Travail Famille Patrie


(Alcool)

Ça fait un mois moins un jour que je suis en stage. Ça fait parti de mon cursus scolaire, on nous donne gracieusement deux mois (presque) et demi de vacances, et on nous en reprend un avec un stage obligatoire officiellement non rémunéré 🙂

Je dis officiellement non rémunéré parce qu’aujourd’hui, j’ai eu le droit à une surprise de très bon goût : une paie ! Un super chèque (en francs suisse en plus, il y a comme un air de Lili Betancourt) !

Et du coup, cette joie qui vient soudainement vous rougir le visage tellement vous ne savez pas comment remercier votre supérieur hiérarchique pour ne pas passer pour un gamin de 12ans un matin de Noël, ni pour un connard qui s’en fout royalement et qui trouve ça totalement normal, m’a fait repenser à ma vision très philosophique du travail, que je m’étais forgée l’année dernière, en somnolant en philo.

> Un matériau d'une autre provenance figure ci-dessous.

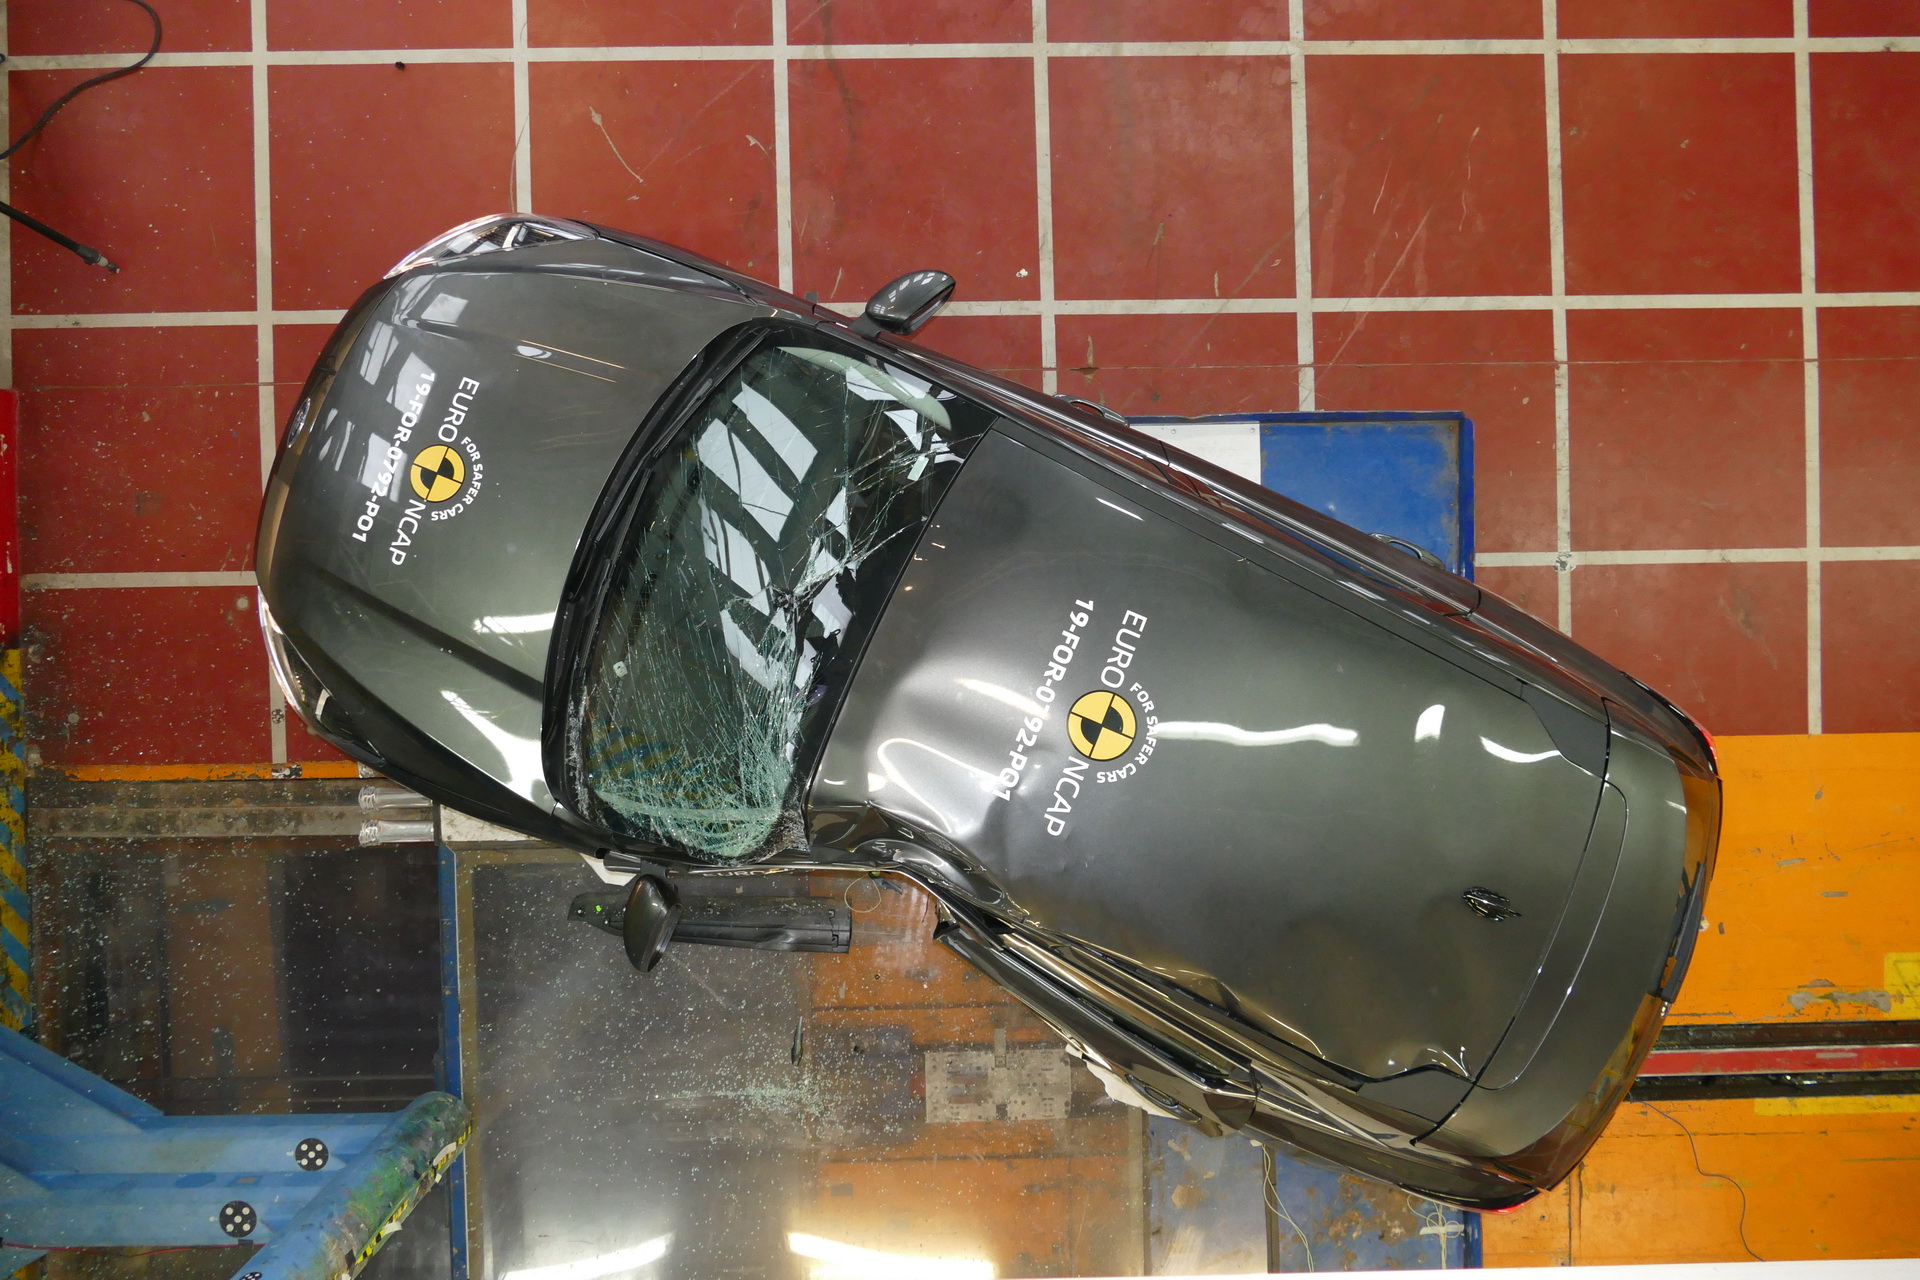 شاهد اختبار السلامة الأوروبية لـ 12 سيارة جديدة بينها تيسلا موديل X وبورش تايكان 8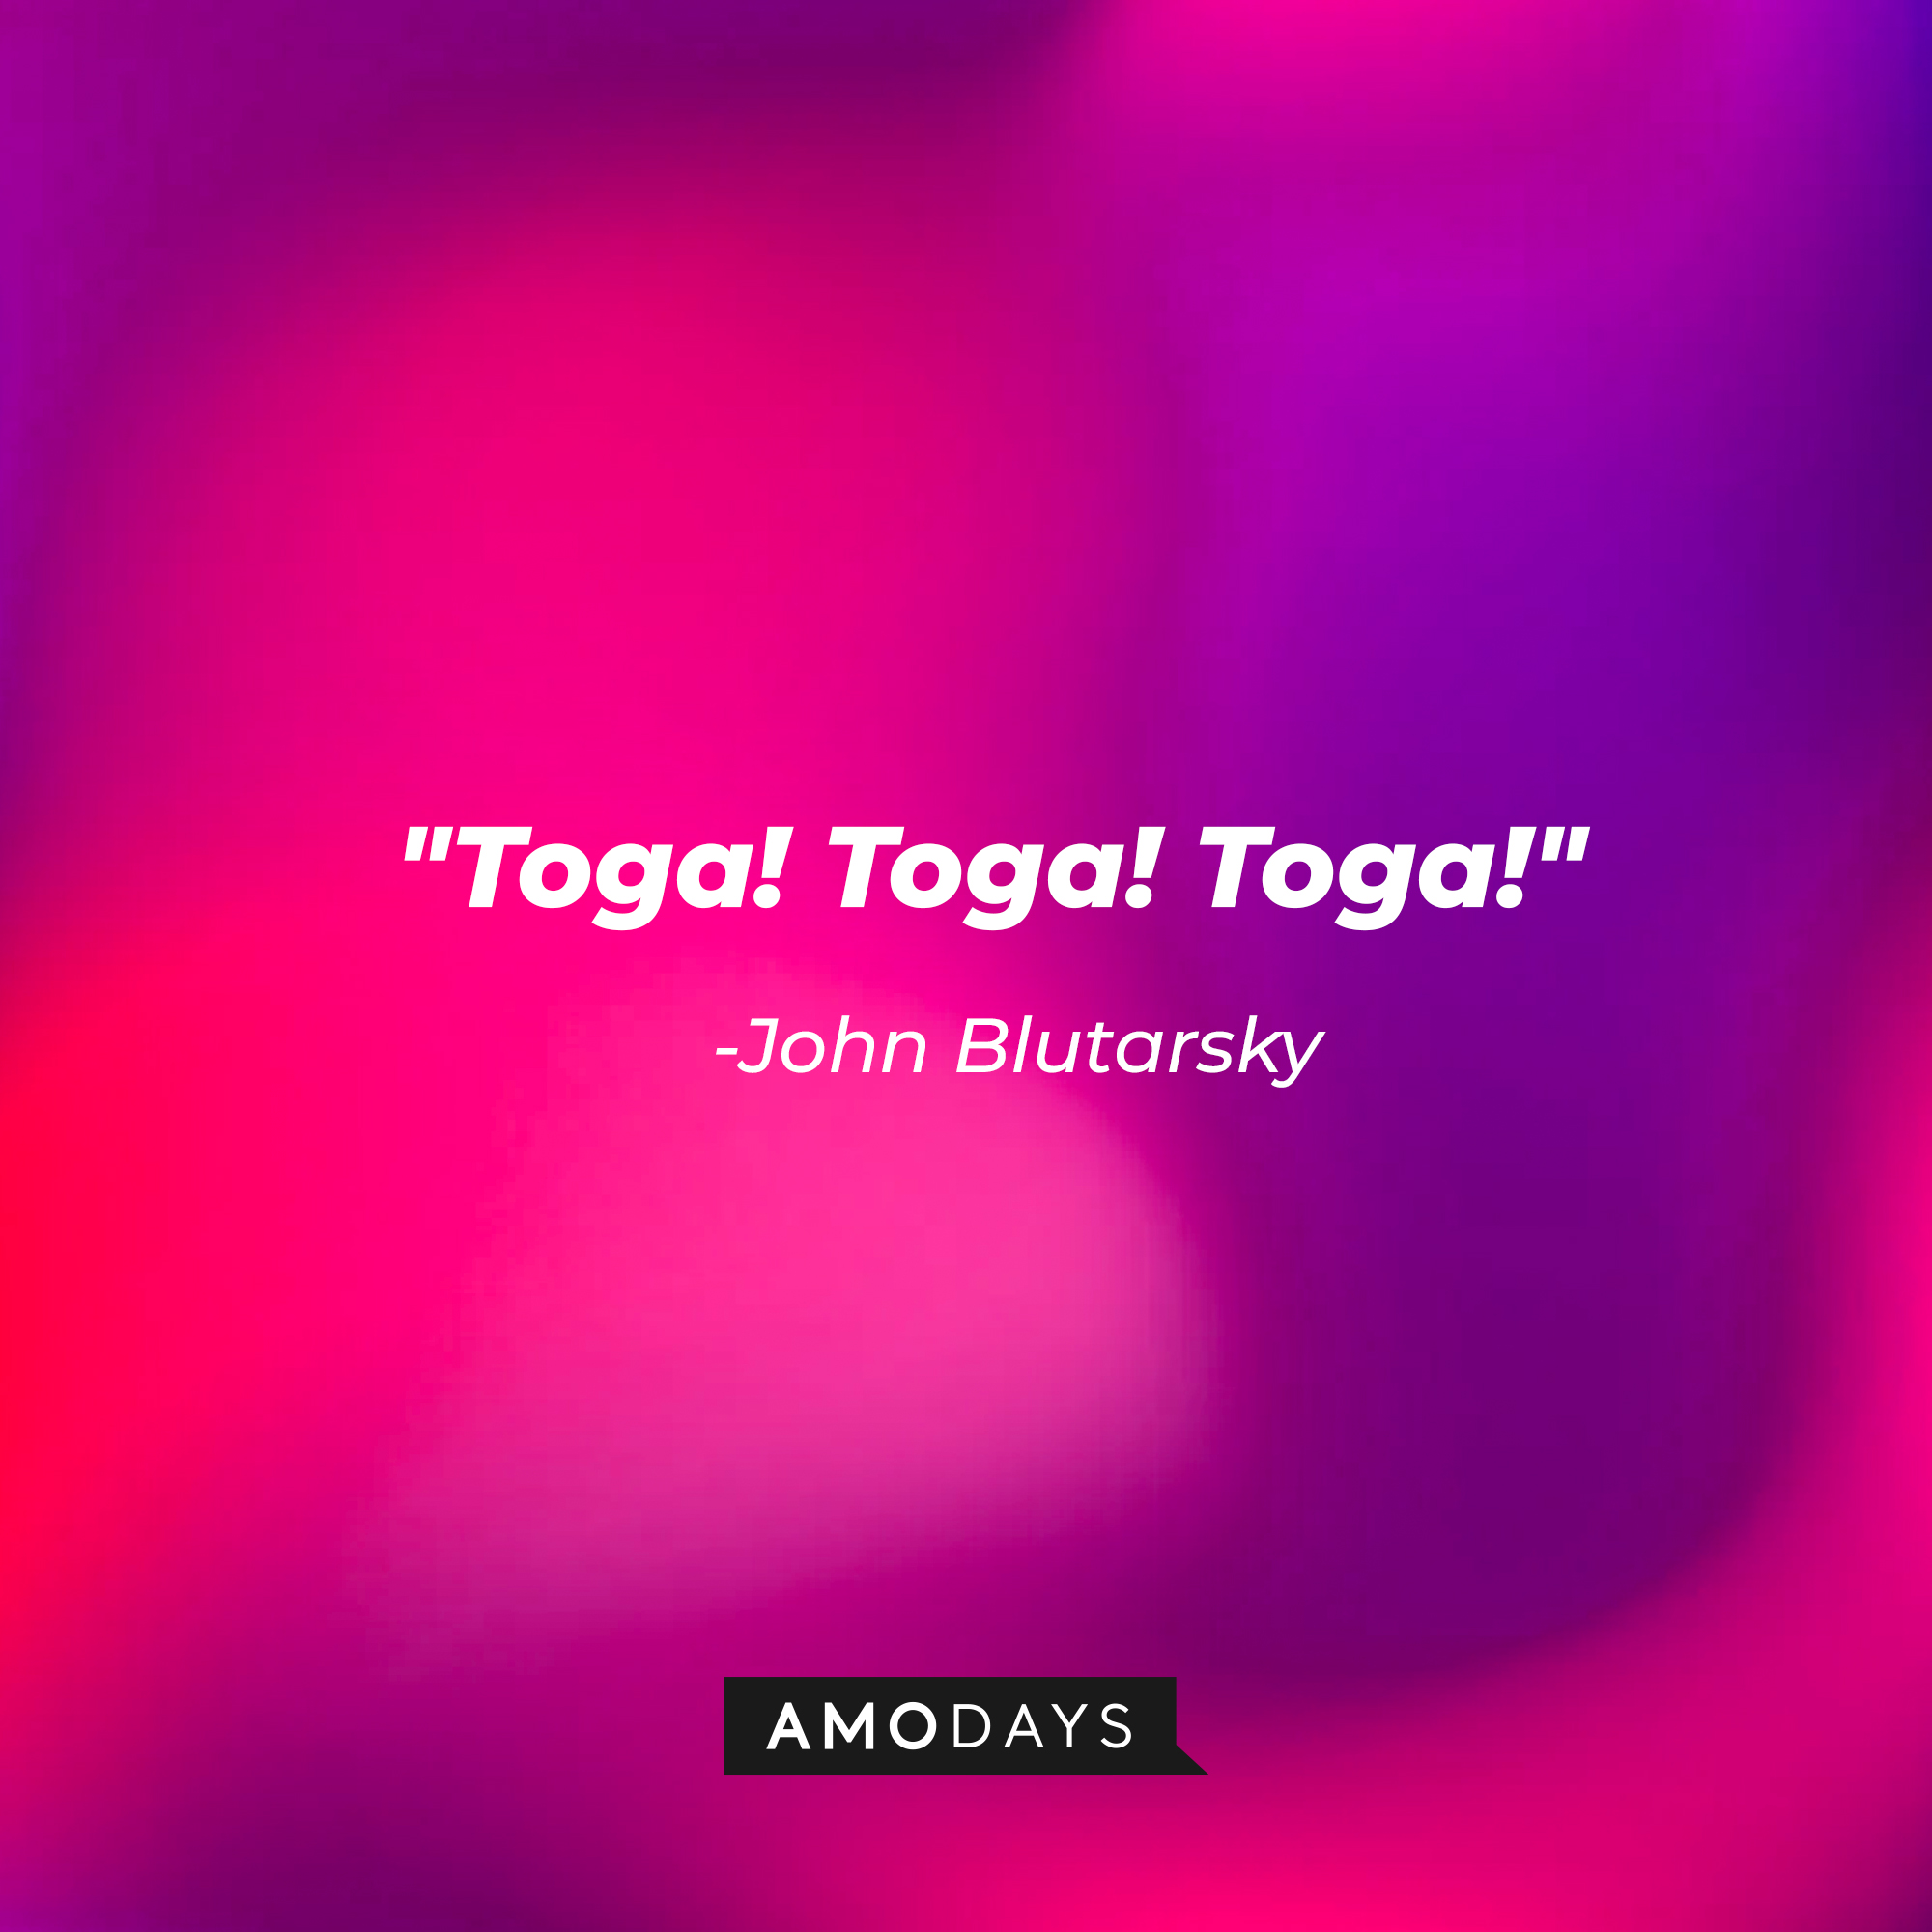 John Blutarsky's quote: "Toga! Toga! Toga!” | Source: Amodays

Pour moi le travail, c’était le seul domaine dans lequel j’avais de l’estime pour l’Homme. Le travail : la voie vers l’émancipation. Dans un plan en 3 parties, c’en était bien souvent la première, celle qui s’en prend plein la tronche dans les deux suivantes. Pourtant

je persistais – je persiste toujours – à penser que c’était en donnant des contraintes, des limites, à l’Homme, qu’il pouvait le plus prouver de quoi il était capable, de montrer son brio, d’étaler ses connaissances, de faire partager son savoir-faire, d’appliquer sa technique. C’est vrai quoi !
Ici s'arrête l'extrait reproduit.